Leaving a potted cactus without any further info is what the uploader “says”.
Clicking “cultivated” without further explanation is my response.
In my opinion, this conversation should then go on such as the fist user asking “why?”
If he does so, I will always be happy to provide all the infos in detail.
It is not really easy for a moderate user (and especially newbies) to understand that many people leaving IDs in huge amounts do have a regular day job (often as a biologist), but also a second trying extra job on iNat nobody is even paying for. In this light, it is not in poor taste to just leave a DQA (or an ID for that matter) without any further explanation, but it is a present actually. In many cases it is even professional work performance provided for free.
As I said somewhere else: if someone provides an ID or a DQA, even without further explanation, first of all a “Thank You” would be in order.
Guess what is is, before you push it to Not Wild.
Guess ? No.
I’ve only had one observation dismissed as “casual.” I disagree with that assessment but can’t be bothered to fight about it. It was called “casual” because the crabs in the photo had been captured and strung up for market. They were not captive crabs; they were not living in captivity. They were wild crabs that wre captured. There’s a difference. If every captured animal was written off as “casual,” hundreds of thousands of fish observations would be tossed.
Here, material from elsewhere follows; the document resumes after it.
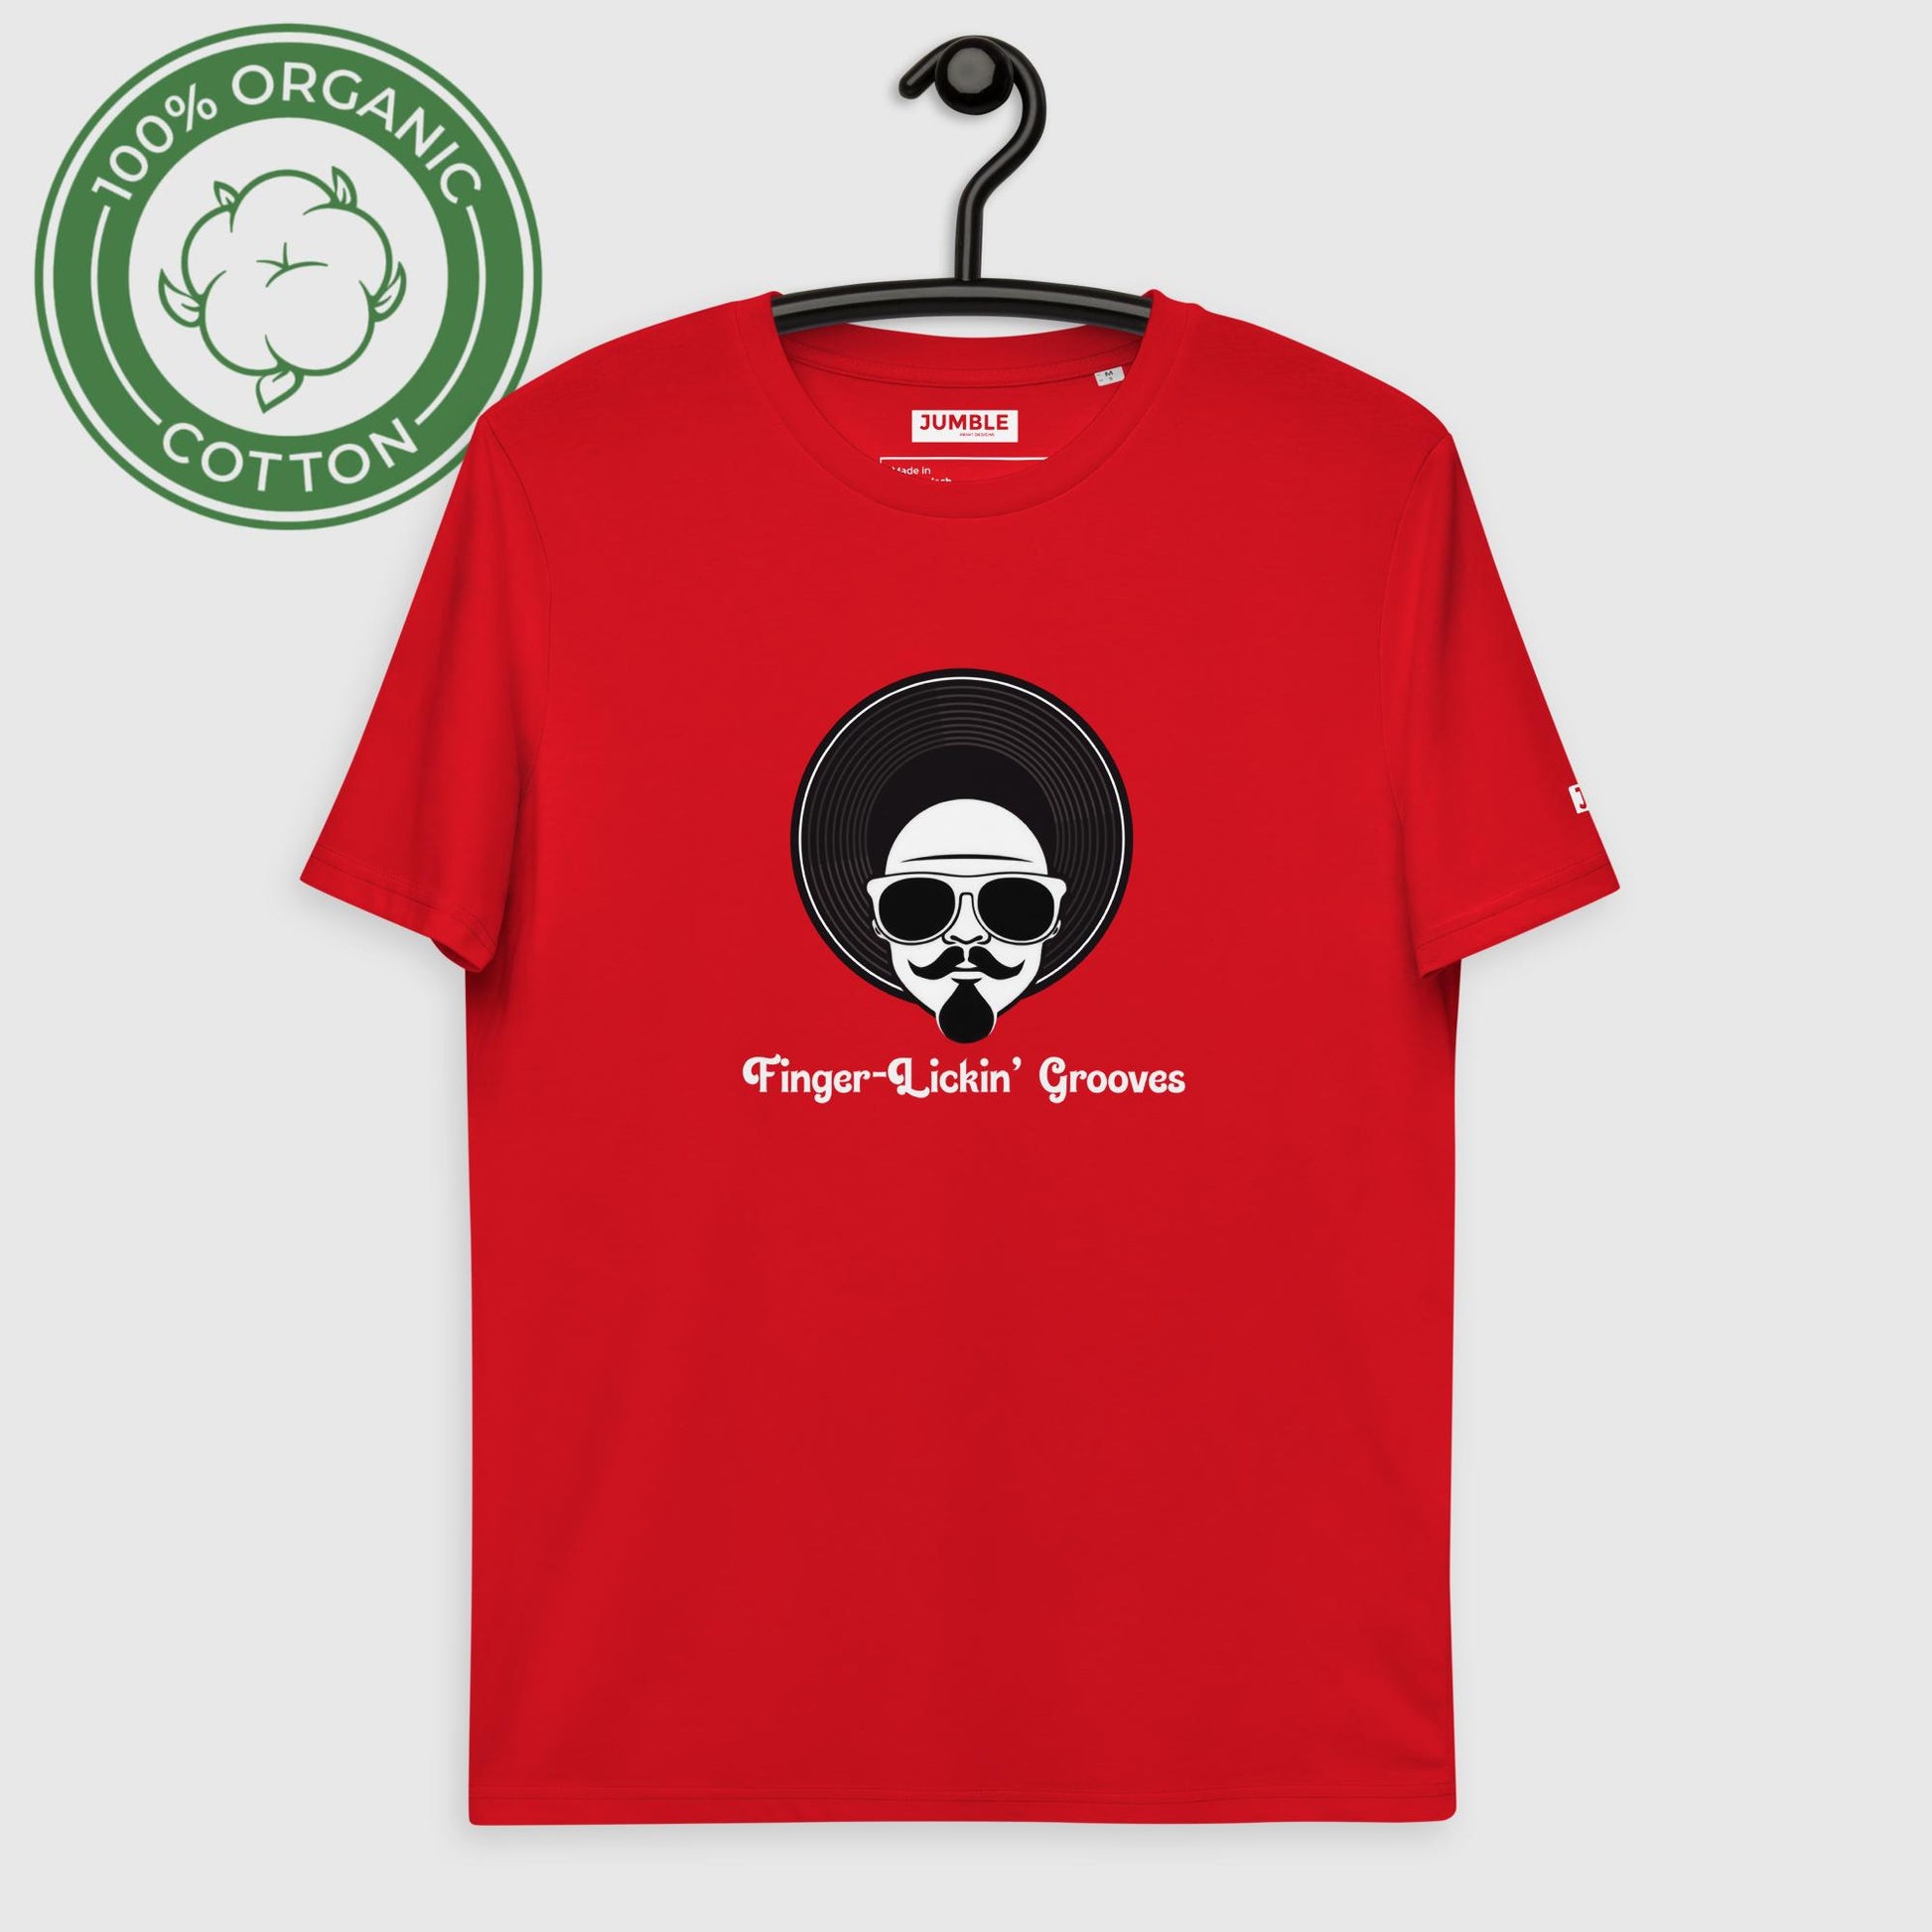 Colonel Funk's Unisex Organic Cotton T-shirt in Red, showcased on a hanger

https://www.inaturalist.org/observations/228942973
It is quite interesting to see how they are captured and how they are packed together to make a “sarta” (a string of crabs). I went out with a crab lady to see how it’s done. You have to put your arm down the crab hole up to the shoulder. I managed to catch four.
https://www.facebook.com/DocTvEcuador/videos/va-armar-una-sarta-de-cangrejos-vivos/819884062379193/
But you would not want to see a sarta of crabs as the ‘wild’ taxon picture ?
It could be a gray zone case, however imho this is not wild according to the iNaturalist peculiar definition - the crabs do not look like they landed in that place (a fish market?) at that moment out of their own will. And at any rate, they are unlikely to be freed back any time soon :) (a difference with the “insect momentarily kept in hand/in a box just for the needs of the photo” case)
It makes for a great picture, I wouldn’t mind having it for taxon photo - it is quite detailed and eye-pleasing.
I wouldn’t choose it as a taxon photo. The actual taxon photos of this species are better. However, compare it to this photo that was taken on a dock in almost exactly the same place, but was not classified as “casual.”
https://www.inaturalist.org/observations/61811397
Or this photo from a bit further south:
There is no need to fight. Just mark it as wild yourself, there can be more than one vote/opinion in the DQA.
I respect the point of view, but it isn’t my opinion.
Out of self-preservation.
Otherwise I’d have to go and push thousands upon thousands of capured fish back to casual.